Would you hire an open source developer?
As open source comes of age and becomes mainstream, more and more job postings include "open source skills" in their requirements.
But do you really want to hire someone who spends their time exchanging flames with members of their own community in public forums? Someone who greets newcomers with "I have forwarded your question to /dev/null, thanks" and other RTFM answers?
This blog post of mine was initially published by Computerworld UK back in 2010.
Luckily, open source communities are not just about being rude and unwelcoming to strangers. Most of them are not like that at all, and the skills you learn in an open source community can make a big difference in a corporate environment as well.
One very important skill that you learn or improve in an open source community is to express yourself clearly in written form. The mailing lists or forums that we use are very limited compared to in-person communications, and extra care is required to get your message through. Being concise and complete, disagreeing respectfully, avoiding personal attacks and coping with what you perceive as personal attacks are all extremely useful skills on the job. Useful skills for your whole life actually.
Once you master asynchronous written discussions as a way to build group consensus, doing the same in a face to face meeting can be much easier. But the basic skills are the same, so what you learn in an open source community definitely helps.
Travel improves the mind, and although being active in open source can help one travel more, even without traveling you'll be exposed to people from different cultures, different opinions, people who communicate in their second or third language, and that helps "improve your mind" by making you more tolerant and understanding of people who think differently.
Not to mention people who perceive what you say in a different way than you expected - this happens all the time in our communities, due in part to the weak communications channels that we have to use. So you learn to be extra careful with jokes and sneaky comments, which might work when combined with the right body language, but can cause big misunderstandings on our mailing lists. Like when you travel to places with a different culture.
Resilience to criticism and self-confidence is also something that you'll often develop in an open source community. Even if not rude, criticism in public can hurt your ego at first. After a while you just get used to it, take care of fixing your actual mistakes if any, and start ignoring unwarranted negative comments. You learn to avoid feeding the troll, as we say. Once your work starts to produce useful results that are visible to the whole community, you don't really care if someone thinks you're not doing a good job.
The technical benefits or working in open source communities are also extremely valuable. Being exposed to the work and way of thinking of many extremely bright developers, and quite a few geniuses, definitely helps you raise the bar on what you consider good software. I remember how my listening skills improved when I attended a full-time music school for one year in my youth: just listening to great teachers and fellow students play made me unconsciously raise the bar on what I consider good music.

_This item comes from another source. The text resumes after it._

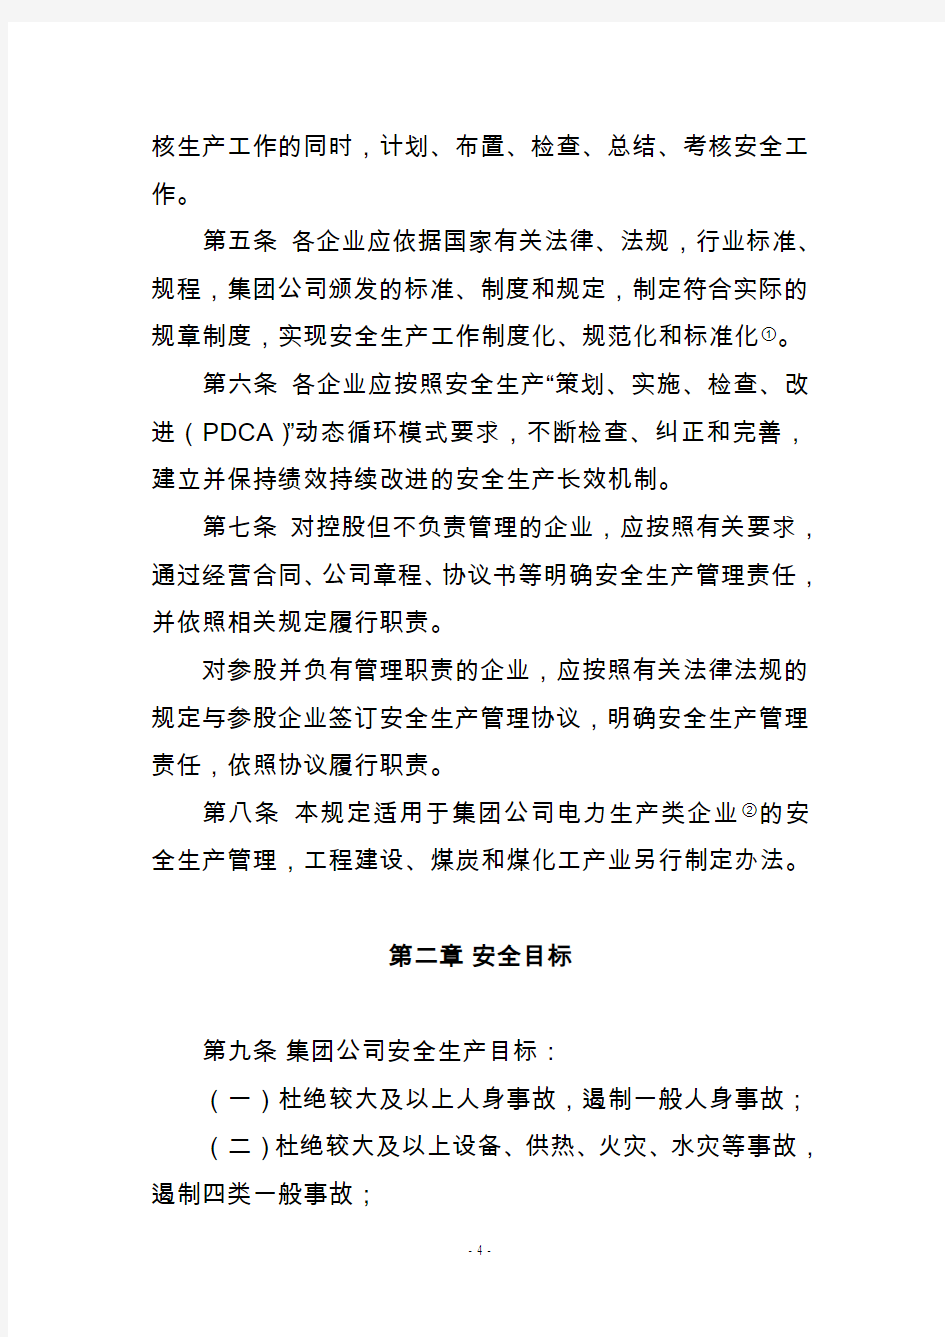 中国华电集团公司电力安全生产工作规定

Open source communities, by exposing you to good and clever software, can have the same effect. And being exposed to people who are much better than you at certain things (which is bound to happen for anybody in an open source project) also helps make you more humble and realistic about your strengths and weaknesses. Like in soccer, the team is most efficient when all players are very clear about their own and other players’ strengths and weaknesses.
You'll know to whom you should pass or not pass the ball in a given situation.
To summarise, actively participating in a balanced open source community will make you a better communicator, a more resilient and self-confident person, improve your technical skills and make you humbler and more realistic about your strengths and weaknesses.